UI_CommandReply(kInt32Type,&m,”fInt32 = $GetValue(%ld,%ld,0)”,contP->altWndRef,kNoRawMapping);

In particular, note the middle example involving the use of a C code loop within Mitopia® to build up an entire interpreted program consisting of many statements which together define the entire content of a list control.  This ability to send long sequences of GUI commands as a single block is critical to performance, particularly when the GUI renderer is actually operating remotely.  Of course the programmer could have accomplished the same thing with just a single ‘link’ command specifying a list held within Mitopia’s ontology.

The Data Model Interface

Unlike the Mitopia-to-renderer (M2R) path, the renderer-to-Mitopia (R2M) communications path is not passed through an interpreter in order to create the necessary abstract interface.  This is because during the process of data discovery by the GUI renderer, it may need to make hundreds or thousands of calls very rapidly in order to explore and display all nodes of a large linked collection for example.  In general it is the case that a vastly larger number of ‘inquiries’ pass from the GUI renderer through Mitopia’s data model abstraction to the underlying data, than do ‘inquiries’ or ‘commands’ passing from Mitopia® to the renderer.  This means that the timing overhead of an interpreted connection can less easily be tolerated in the R2M path.  For this reason Mitopia® provides a very high performance abstract interface to data held in the flat memory-model through the ‘DataModels’ package and API.  Note that the flat memory model abstraction includes all Mitopia® structures, not just those described by the Carmot ontology.  For example, data held in Mitopia’s ‘string list’ abstraction can also be discovered and displayed by renderers using the DataModels layer.  In this regard, the DataModels layer is a high-level generalized abstraction for discovering data types and content on the fly.

One of the forms of data that can be discovered through the DataModels layer is data described by Mitopia’s type manager and held in collections.  One part of the discoverable data described by the type manager is that associated with the Carmot ontology for the system (i.e., I.DEF and others).  From the perspective of the GUI renderer doing the data discovery, the interface to all data accessible through the DataModels layer is identical and it cannot tell directly which lower-level abstraction is actually describing the data.  This extra level of abstraction allows the GUI renderer to be easily connected to a much wider range of data residing within Mitopia® although the bulk of all data accessed and displayed through the DataModels layer is ontological data.

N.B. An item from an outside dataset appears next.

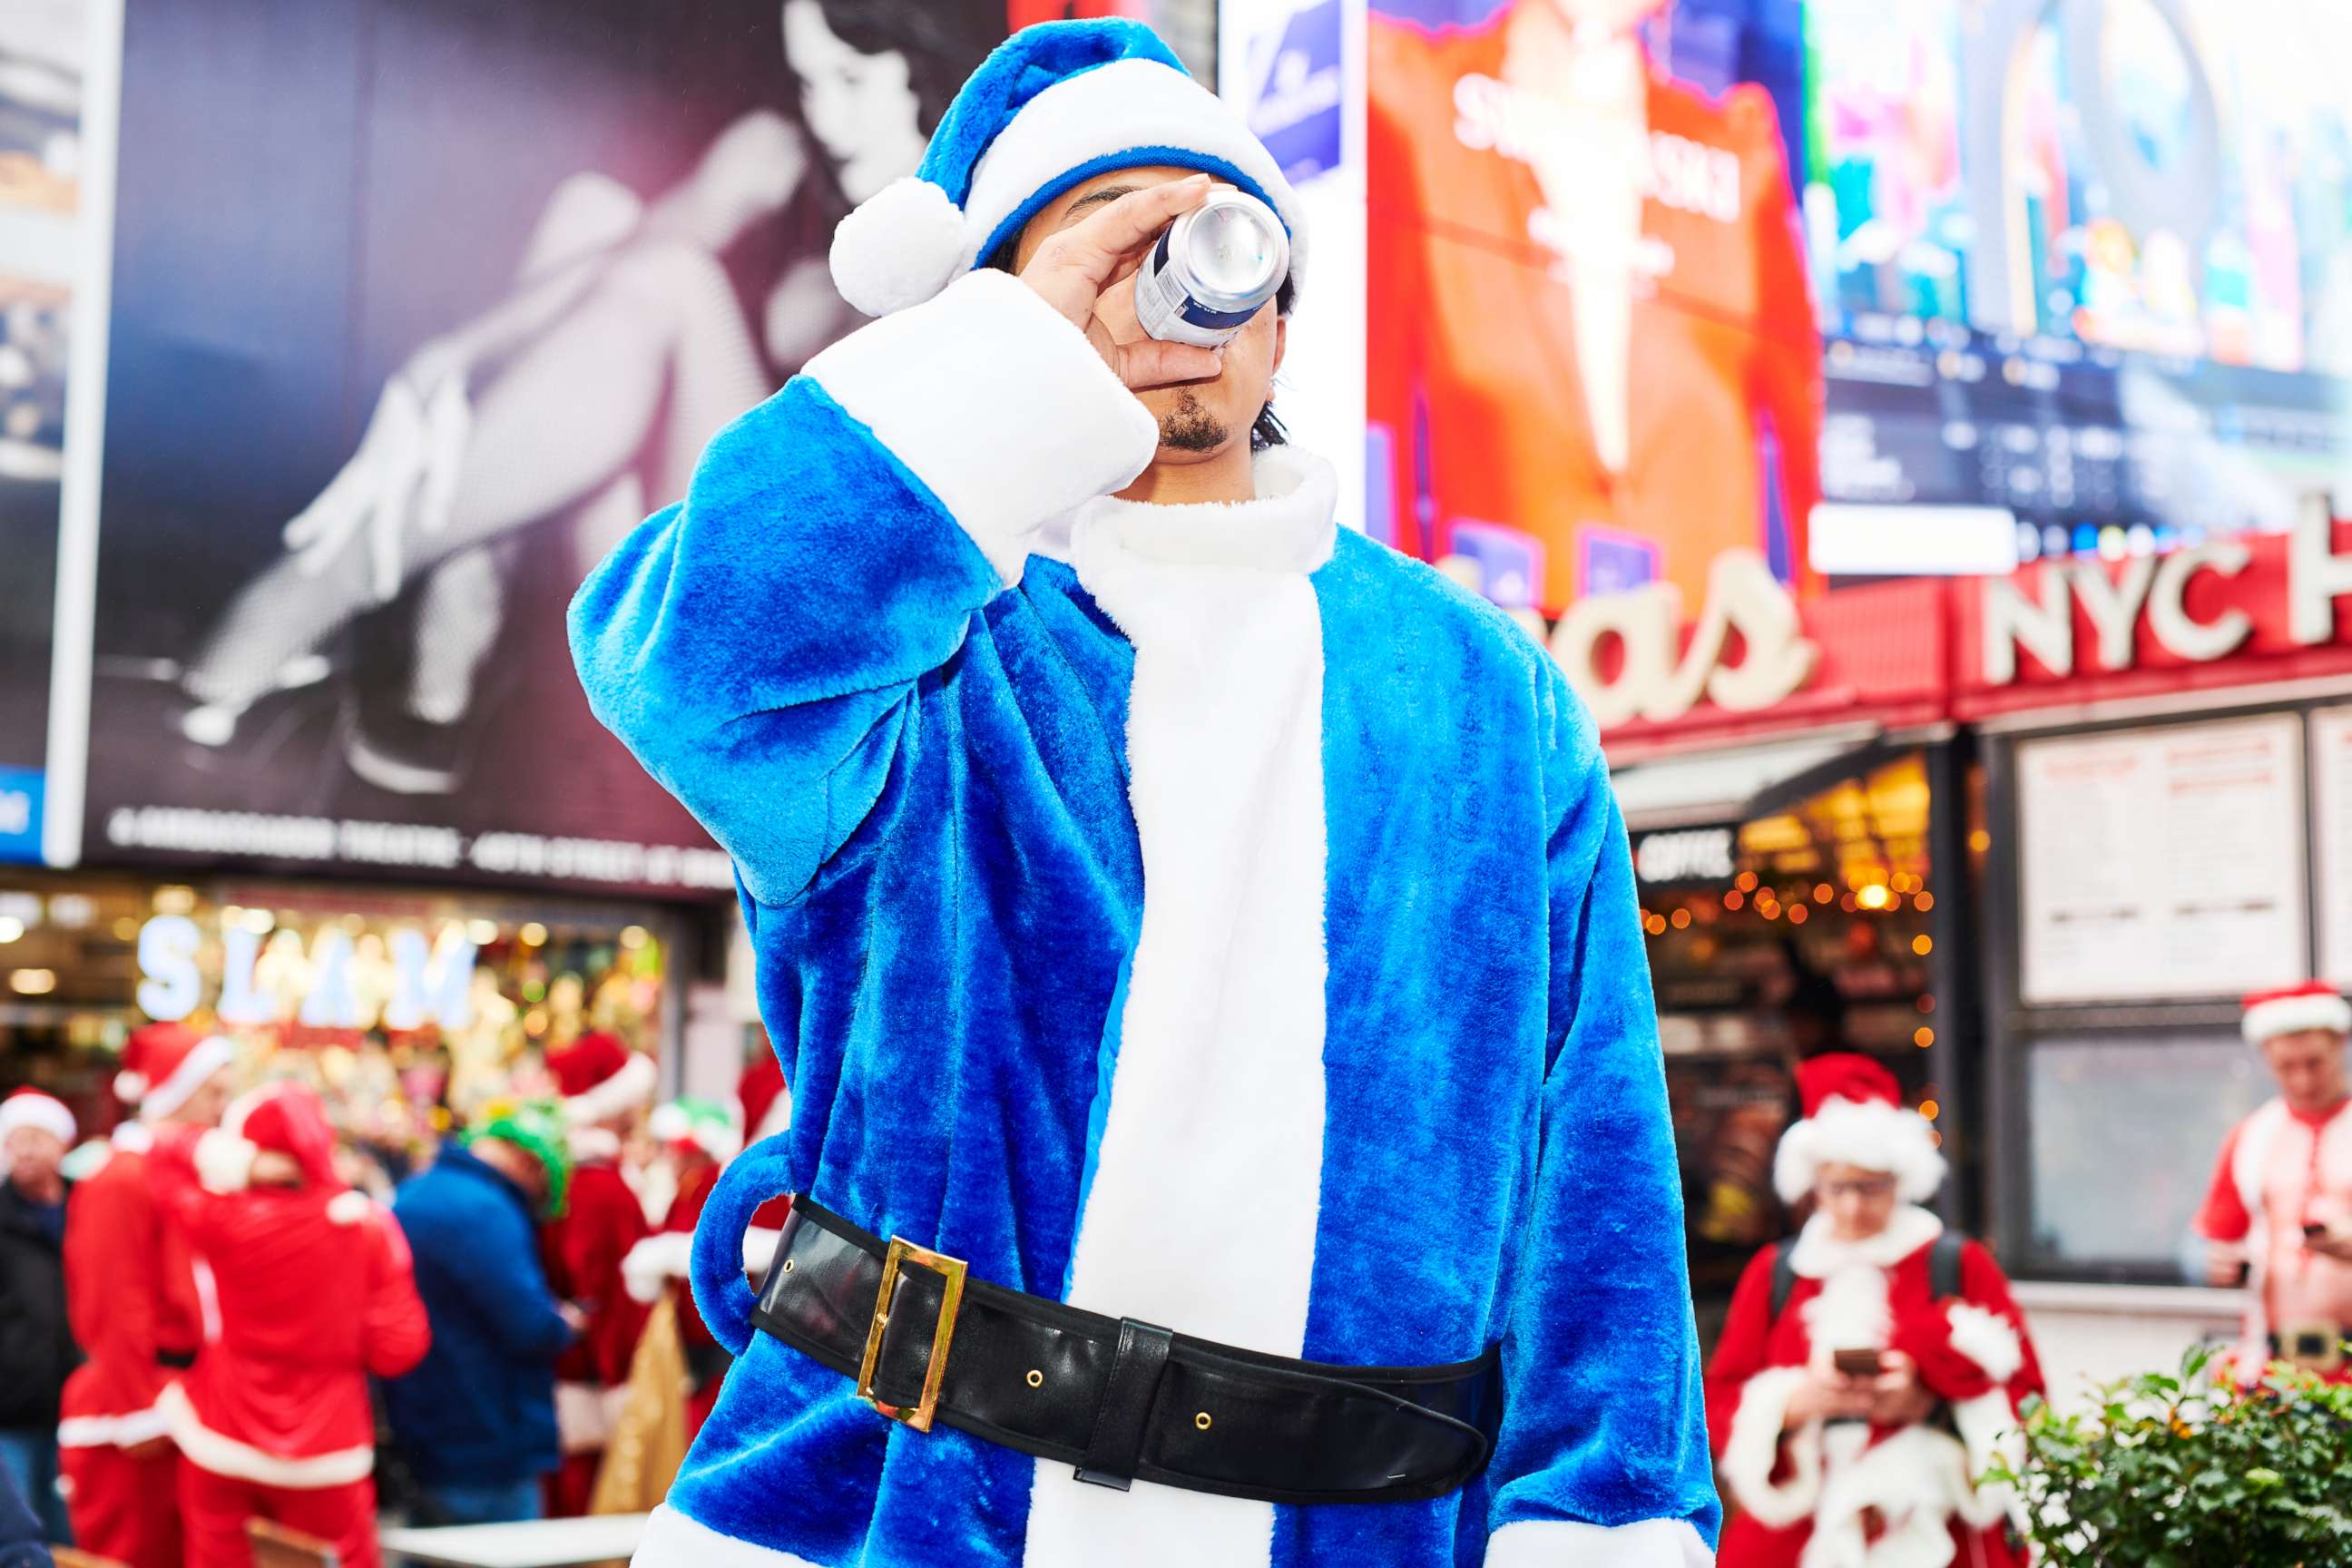 PHOTO: A person dressed as Santa Claus drinks a beer at Father Duffy Square for SantaCon on Dec. 14, 2019 in New York City. Every year, people dress up as Santa Claus or in other holiday-themed costumes and drink at multiple bars across the city.

The DataModels package provides a series of API functions starting with “DM_r” which can be called by the GUI renderer to implement every possible data discovery operation that might be required by a GUI renderer.  This includes all operations for exploring hierarchical collections, for discovering types and type fields, for discovering field content, layout restrictions, selections and all other things the renderer might need to know to display and interact with the underlying data.  Many other specialized API functions are provided by the DataModels abstraction to assist in renderer operations.  Since most GUI renderers tend to be implemented in OOP languages, often C++, it is probable that to connect the renderer to Mitopia®, the renderer methods must be sub-classed within an adapter layer which in turn uses the DataModels abstraction to make the connection thereby avoiding the need to fully understand the lower level Mitopia® API layers.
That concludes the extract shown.